Jumat, 03 Juni 2011

Poster Pengelolaan Limpasan Hujan

Xylene

Xylene merupakan bahan kimia yang memiliki rumus C6H4(CH3)2. Nama lain dari xylene antara lain xylol, dan dimetilbenzene. Xylene memiliki berat molekul 106,17 gram/mol dengan komposisi karbon (C) sebesar 90,5% dan hidrogen (H) 9,5%. Xylene memiliki tiga isomer yaitu ortho-xylene, meta-xylene dan para-xylene.

Xylene merupakan cairan tidak berwarna yang diproduksi dari minyak bumi atau aspal cair dan sering digunakan sebagai pelarut dalam industri (G.A.Jacobson dan S. McLean, 2003). Xylene pada aspal cair pertama kali ditemukan pada pertengahan abad ke 19. Nama dari xylene berasal dari bahasa latin ”wood xulon” karena xylene dapat diperoleh dari hasil destilasi kayu tanpa kehadiran oksigen (Richard L. Myers, 2007).

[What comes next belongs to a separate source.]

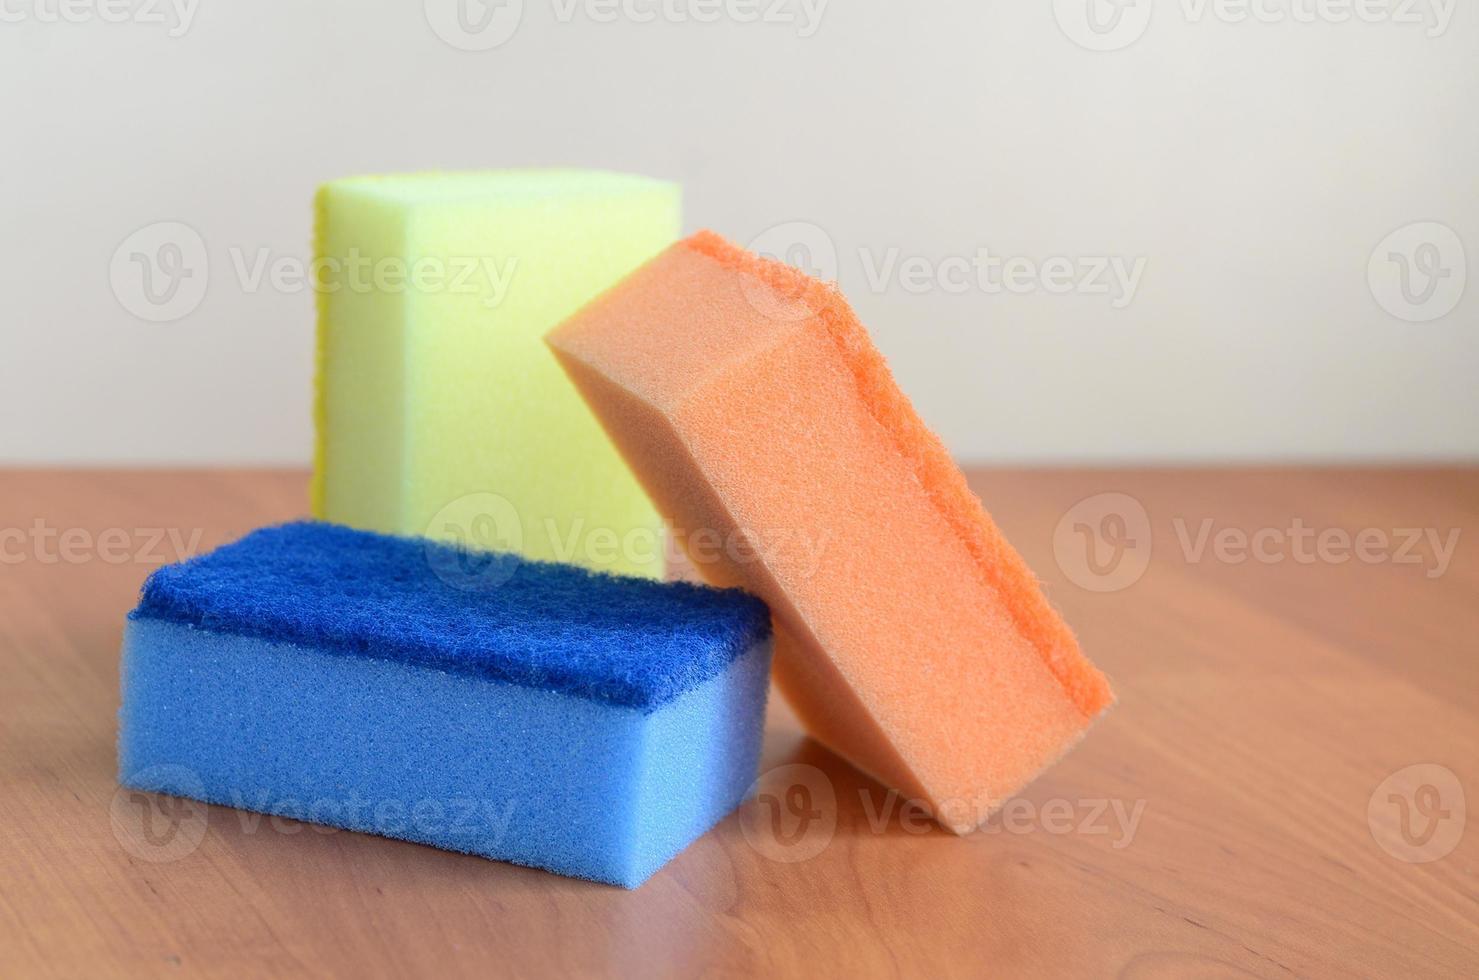 A few kitchen sponges lie on a wooden kitchen countertop. Colorful objects for washing dishes and cleaning in the house are ready for use photo

Xylene merupakan hidrokarbon aromatik yang secara luas digunakan dalam industri dan teknologi medis sebagai pelarut (Langman JM, 1994.). Xylene dapat digunakan sebagai bahan kimia dasar di industri. Xylene dapat teroksidasi dimana gugus methyl berubah menjadi gugus karboksilat. Ortho-xylene akan membentuk phthalic acid sedangkan para-xylene akan membentuk terephthalic acid. Terephthalic acid merupakan salah satu bahan dalam pembuatan polyesters. Terephthalic acid dapat bereaksi dengan ethylene glycol membentuk ester polyethylene terephthalate (PET). Bahan PET meerupakan bahan plastik yang digunakan sebagai wadah makanan. Perkiraan penggunaan xylene diseluruh dunia mencapai 30 juta ton pertahun (Richard L. Myers, 2007).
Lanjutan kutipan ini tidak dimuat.